Investigaciones emergentes subrayan esta conexión, mostrando que una mayor masa y fuerza muscular están vinculadas a una mejor función sexual, un marcador asociado a menudo con vasos sanguíneos saludables y resiliencia cardiovascular.
- El músculo es un indicador de la salud circulatoria.
- Un buen entrenamiento muscular mejora la circulación sanguínea.
- La salud muscular puede influir en la función sexual y la salud del corazón.
Cubo 3: Fuerza y masa
El tercer cubo es el que la mayoría de las personas reconoce: la construcción de masa muscular y fuerza.
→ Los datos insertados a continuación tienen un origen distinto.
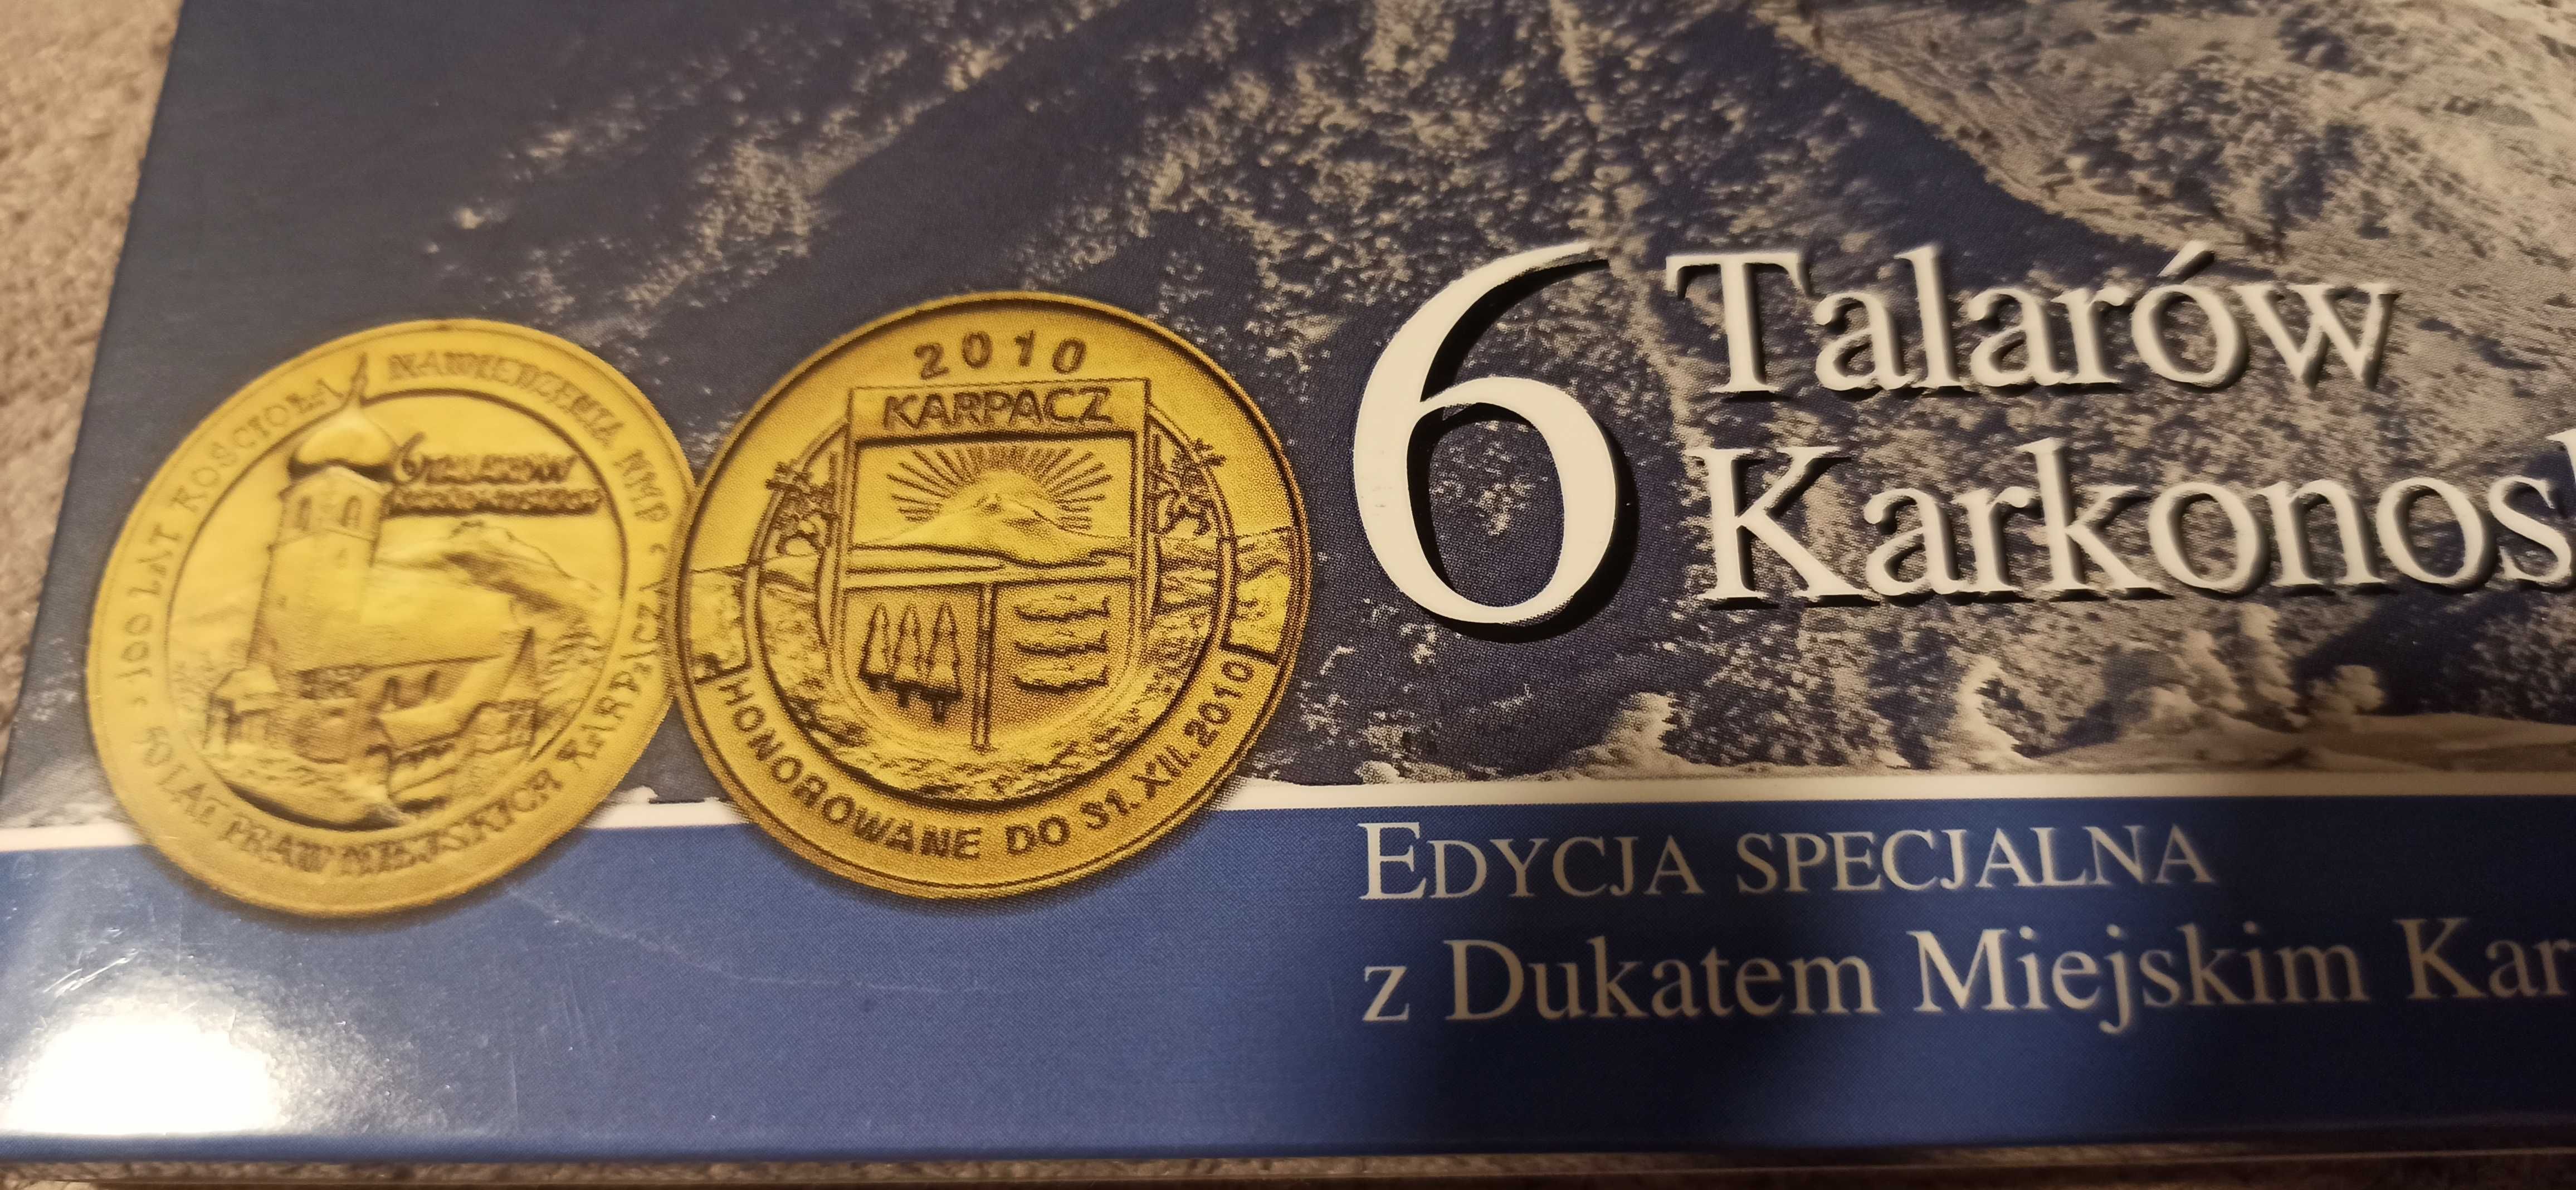 6 talarów karkonoskich - edycja specjalna z dukatem miejskim Karpacza

Esto incluye la hipertrofia, que es el aumento del tamaño de las fibras musculares, y el desarrollo de la producción de fuerza a través del entrenamiento de resistencia.
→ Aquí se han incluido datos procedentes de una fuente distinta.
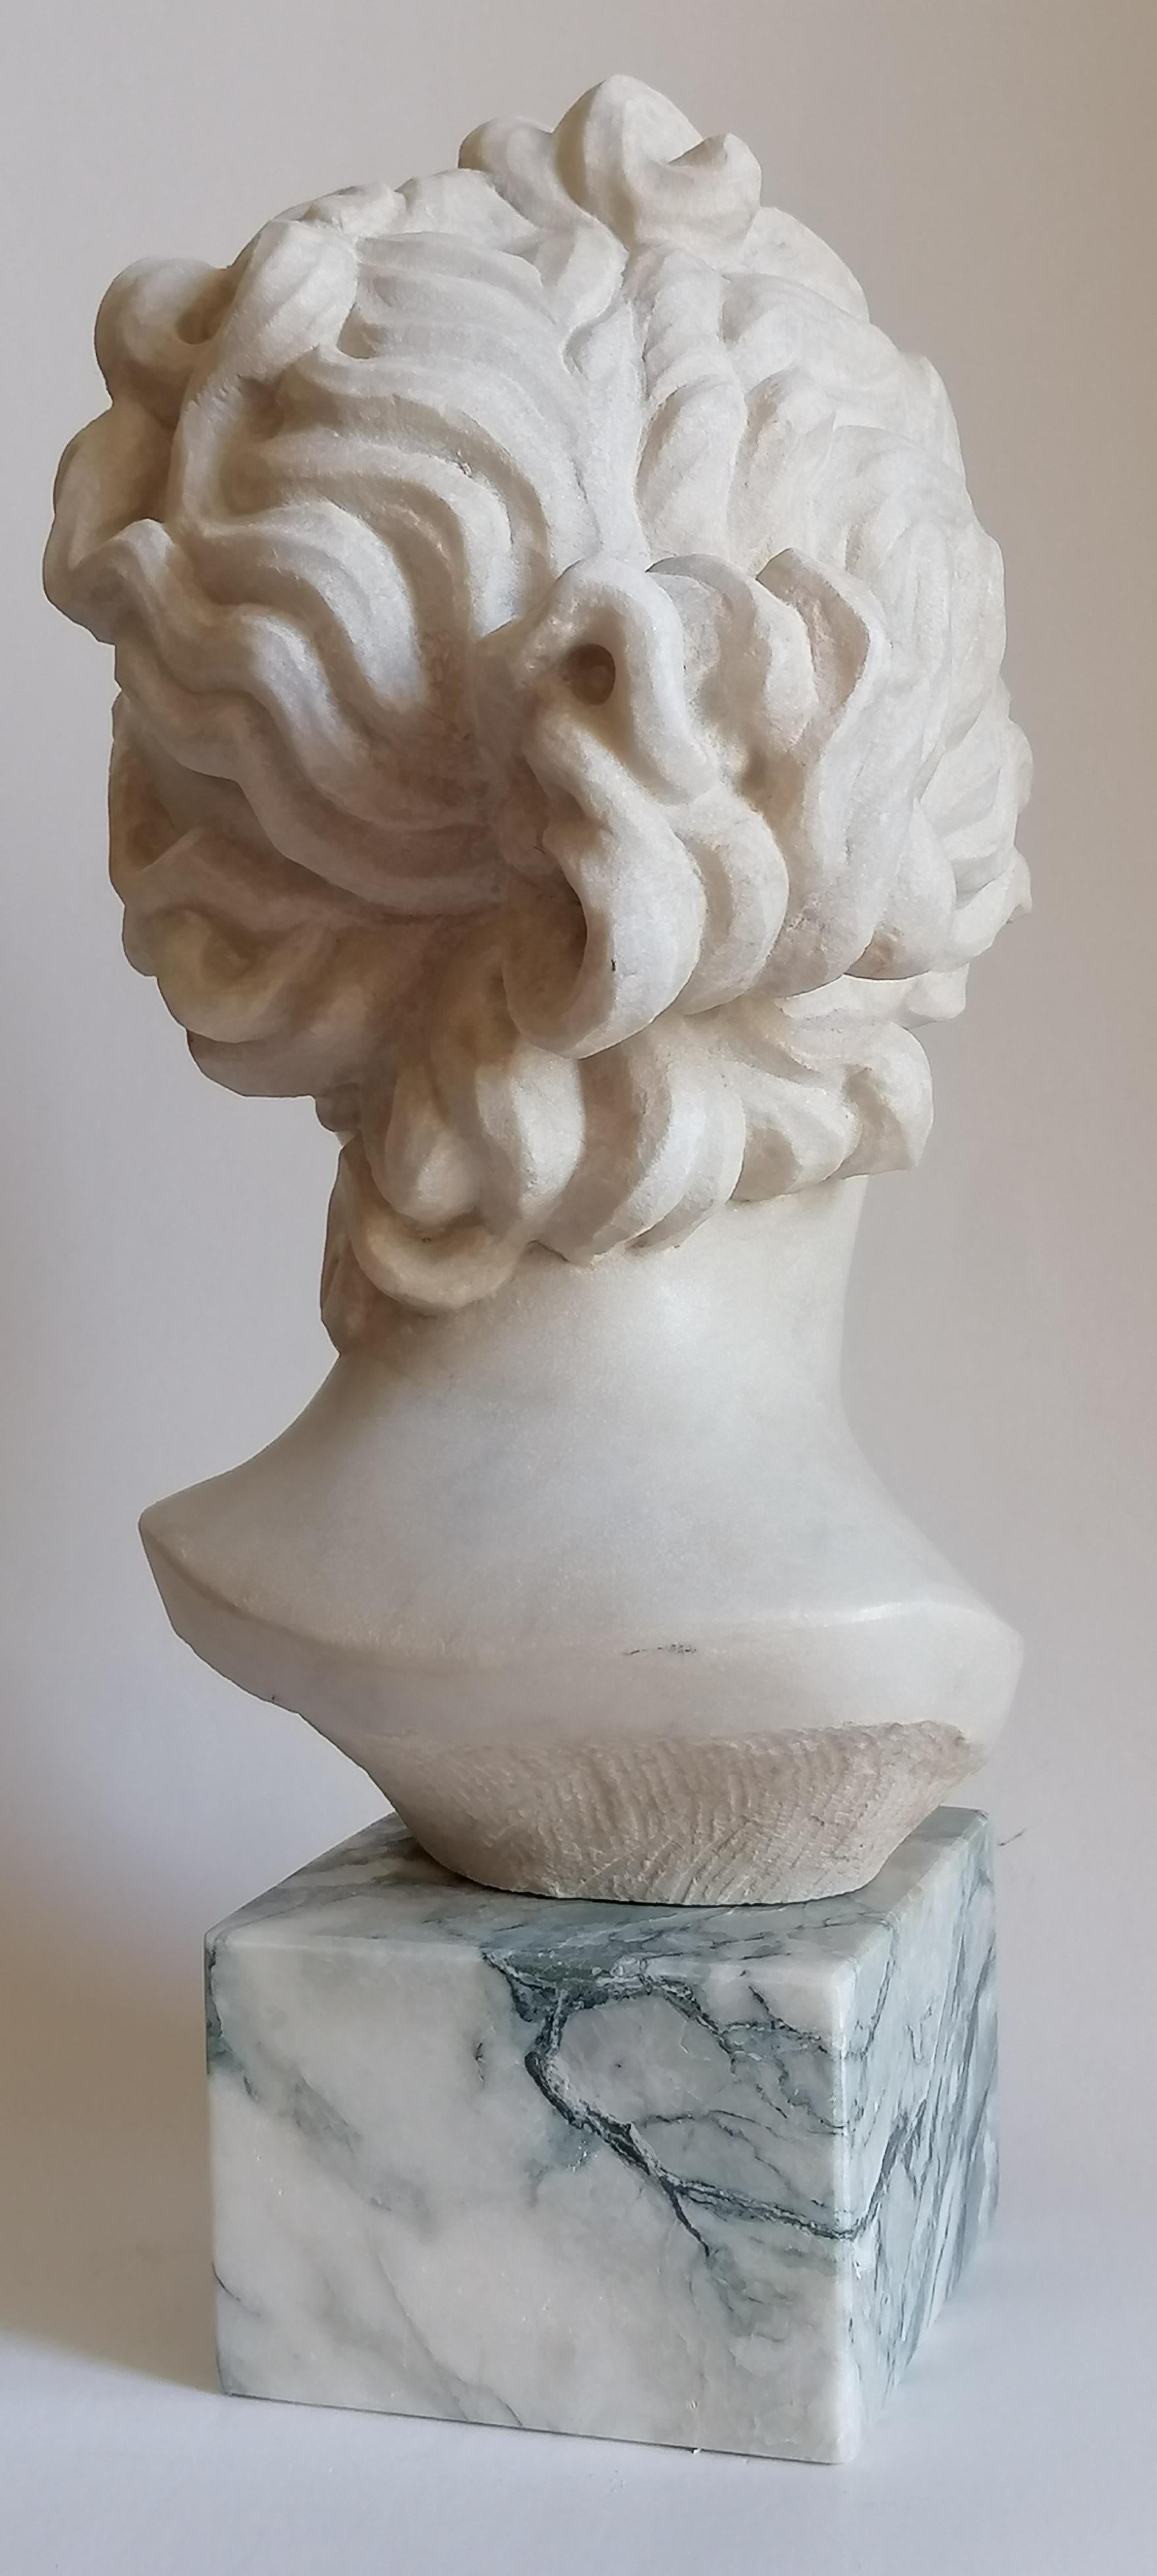 Hand-Crafted Venere Medici -testa scolpita su marmo bianco di Carrara -made in Italy For Sale

Aunque la estética suele recibir la mayor atención en este ámbito, este cubo trata sobre mucho más que la apariencia. La fuerza y la masa muscular son esenciales para la movilidad, la densidad ósea, el equilibrio y la capacidad de realizar tareas diarias a medida que envejecemos. Es importante destacar que la fuerza y la hipertrofia existen en un continuo; no es necesario elegir uno sobre el otro, ambos contribuyen a la resiliencia a largo plazo.
Por qué el entrenamiento solo orientado a la estética no es suficiente
Muchos programas de acondicionamiento físico priorizan los resultados visibles mientras pasan por alto los roles metabólicos y vasculares del músculo. Cuando el entrenamiento se centra únicamente en la apariencia, se dejan sin explotar dos tercios de los beneficios del músculo para la longevidad.
Lyon enfatiza que los tres cubos son importantes. El entrenamiento muscular para la salud significa programar entrenamientos que desafíen la fuerza, apoyen la demanda metabólica y promuevan la calidad del tejido en general. Esto no requiere rutinas extremas o levantamientos pesados constantes, pero sí exige consistencia, desafíos progresivos y una recuperación adecuada.
La nutrición también juega un papel crucial. Comer para la fuerza, priorizando una ingesta adecuada de proteína dietética, proporciona los bloques de construcción que el músculo necesita para adaptarse y repararse. Sin esta base, incluso el mejor plan de entrenamiento no será efectivo.
Cómo entrenar para los tres cubos
Para maximizar los beneficios del músculo, es necesario combinar diferentes tipos de entrenamiento. Esto incluye:
- Entrenamiento de resistencia para desarrollar fuerza y masa.
- Ejercicios cardiovasculares para mejorar la salud metabólica.
- Movimientos funcionales que imiten las actividades diarias para mejorar la movilidad.
Este enfoque holístico no solo mejora la salud muscular, sino que también respalda otras áreas de bienestar, como la salud mental y emocional.
La clave está en la consistencia y en hacer del entrenamiento una parte no negociable de tu vida. Con el tiempo, esto no solo se traduce en una mejor salud física, sino en una mayor independencia y calidad de vida a medida que avanzamos en edad.
El músculo no es solo algo que construimos para los entrenamientos de hoy o para la imagen que veremos en el espejo mañana. Es un sistema orgánico que protege nuestro metabolismo, apoya nuestro corazón y circulación, y preserva nuestra capacidad de movernos de forma independiente a medida que envejecemos.
Cuando la fuerza se convierte en una parte no negociable de cómo entrenamos y comemos, la longevidad deja de ser un concepto abstracto y se transforma en algo que construimos activamente: un entrenamiento, una comida y un hábito a la vez.